Everyone has seen that the next release for the Horus Heresy, after the coming Corax by Gav Thorpe, is going to be Aaron Dembski-Bowden's much anticipated The Master of Mankind. But today it has been confirmed that the next HH book will (most likely) follow immediately after.

Black Library & Warhammer Digital - Black Library Live 2016

Sons of the Forge by Nick Kyme will be available at BLL 2016, and given the monthly release schedule for the HH I think we can assume that TMoM is November's release while SotF is December's. What the new year holds? For that we'll have to wait and see. :smile2:


Edit: Apologies but I spoke too soon. Kyme and Goulding have confirmed via Twitter that Sons of the Forge is NOT the third Salamanders HH novel, that is to be titled Old Earth, but is rather a short novel ala Tallarn: Ironclad. It is, according to Kyme, "twice as long as Scorched Earth". Goulding says it's about 50k words, so not bad.

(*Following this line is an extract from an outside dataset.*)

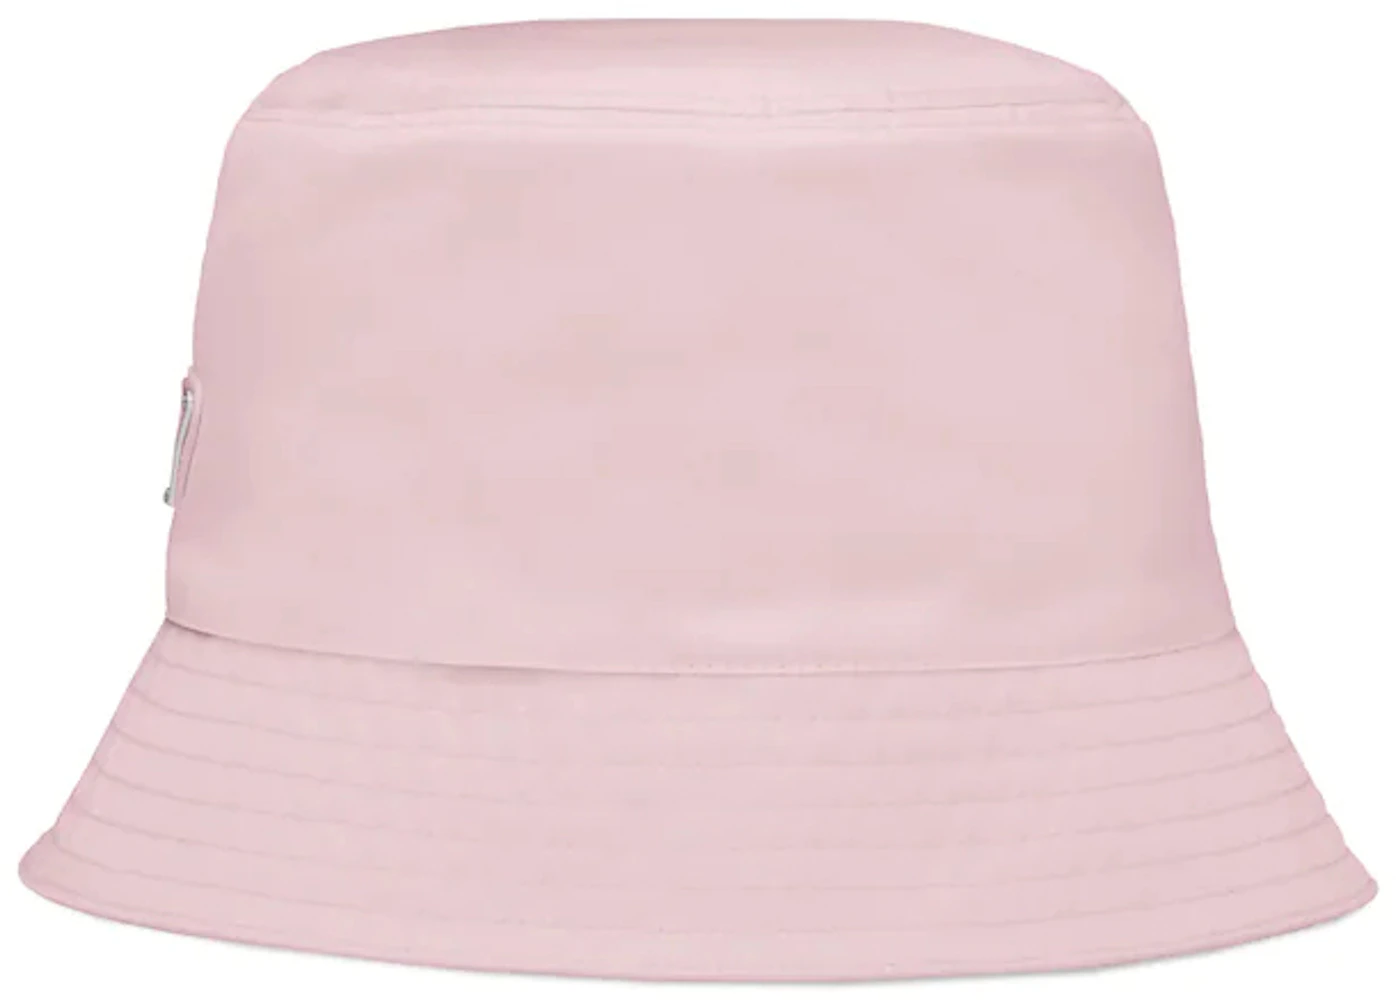 Re-Nylon bucket hat

Will still get it.


LotN


----------



## Khorne's Fist (Jul 18, 2008)

Really can't see what role the Sallies have from here on in the HH. Their last novel tied up their story arc well enough that there's no necessity to give them another. At this stage the story has reached the Sol system, so apart from seeing how the BA reach Terra, anything else is superfluous.


----------



## Lord of the Night (Nov 18, 2009)

Khorne's Fist said:


> Really can't see what role the Sallies have from here on in the HH. Their last novel tied up their story arc well enough that there's no necessity to give them another. At this stage the story has reached the Sol system, so apart from seeing how the BA reach Terra, anything else is superfluous.


I think the Salamanders have played their role so far too, but Vulkan still has much more to do. Given that he has no confirmed fate in the Heresy, and events in other series as well, I think that much remains to be told about what Vulkan does in the Heresy, and at Terra. (Because I think he was there.)


LotN


----------



## Khorne's Fist (Jul 18, 2008)

Lord of the Night said:


> but Vulkan still has much more to do. Given that he has no confirmed fate in the Heresy, and events in other series as well, I think that much remains to be told about what Vulkan does in the Heresy, and at Terra. (Because I think he was there.)

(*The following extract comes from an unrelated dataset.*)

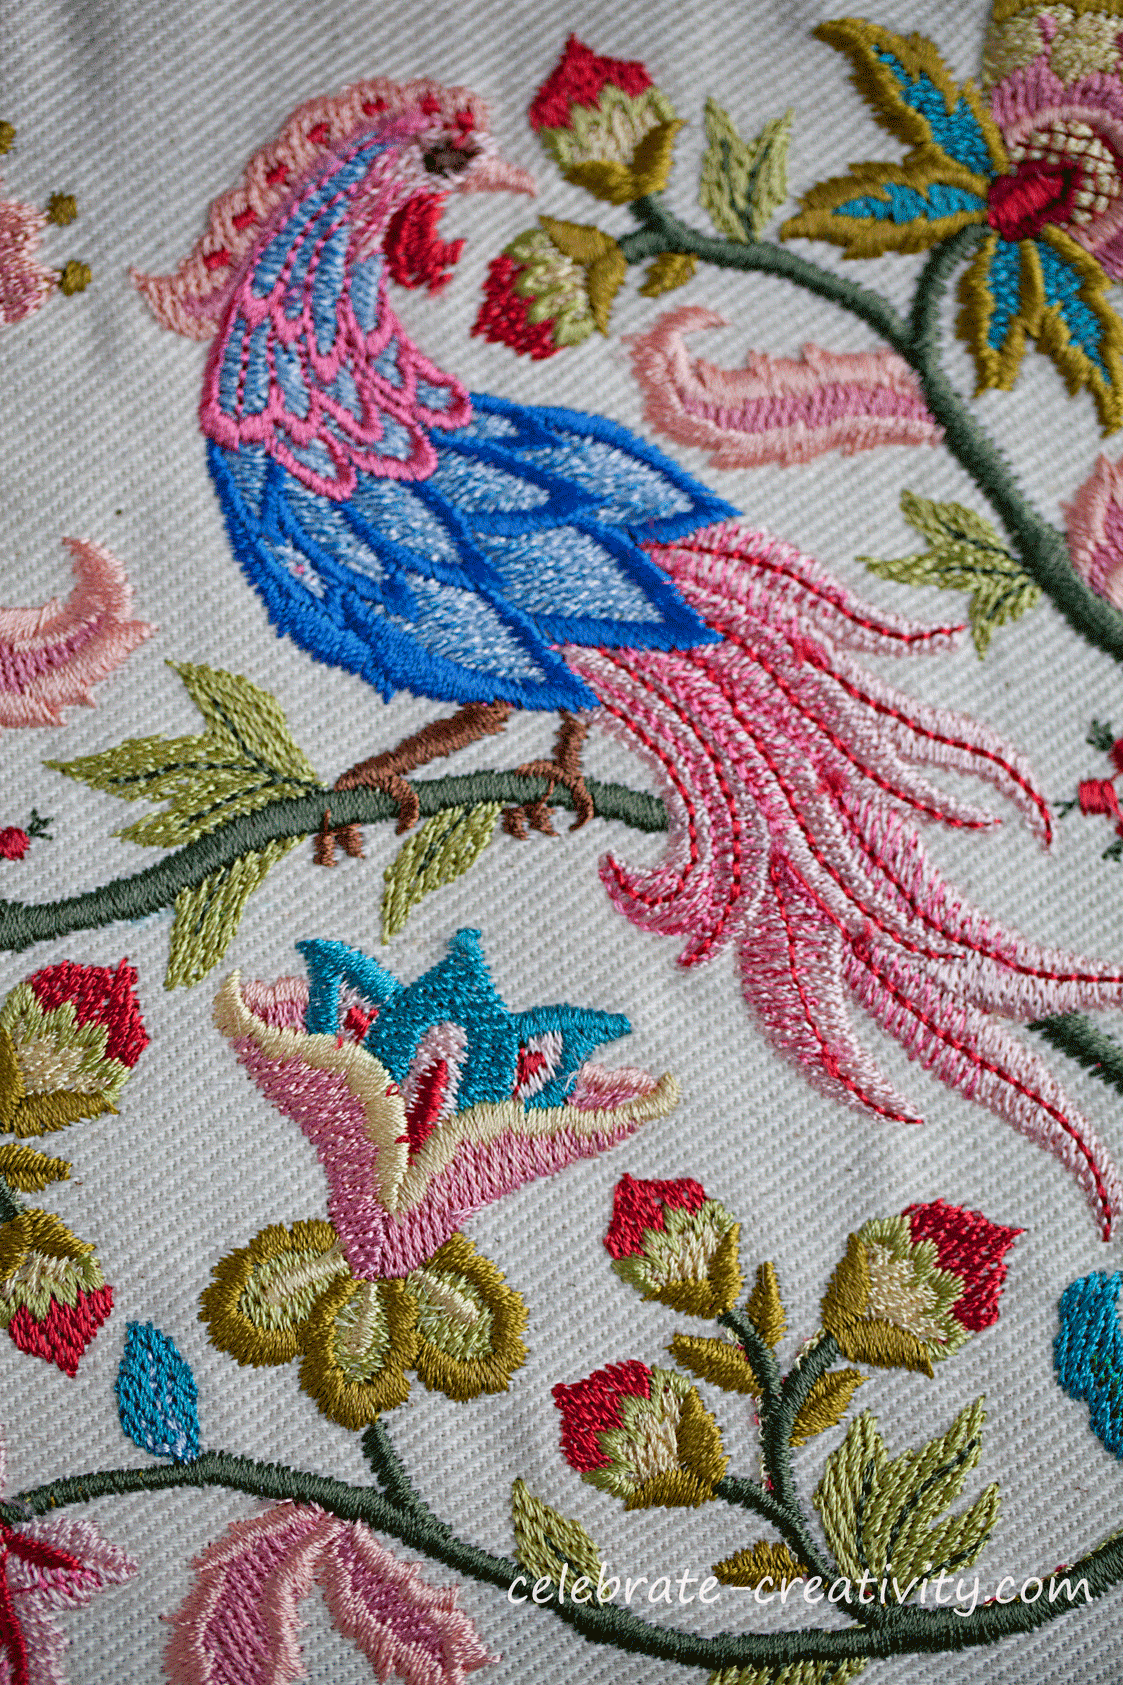 Jacobean Embroidery Patterns Celebrate Creativity

It's never been mentioned anywhere that he or the Sallies were on Terra for the final assault, and it'd be a bit rich to steal the thunder from Dorn, Sanguinius and the Khan with a rewriting of the lore at this stage.

It's also worth remembering that Vulkan was a stark raving lunatic before he was "killed", so even if he does revive any time soon, he shouldn't be in any state to do anything worthwhile. Personally I don't think we should see him again until the Scouring series.


----------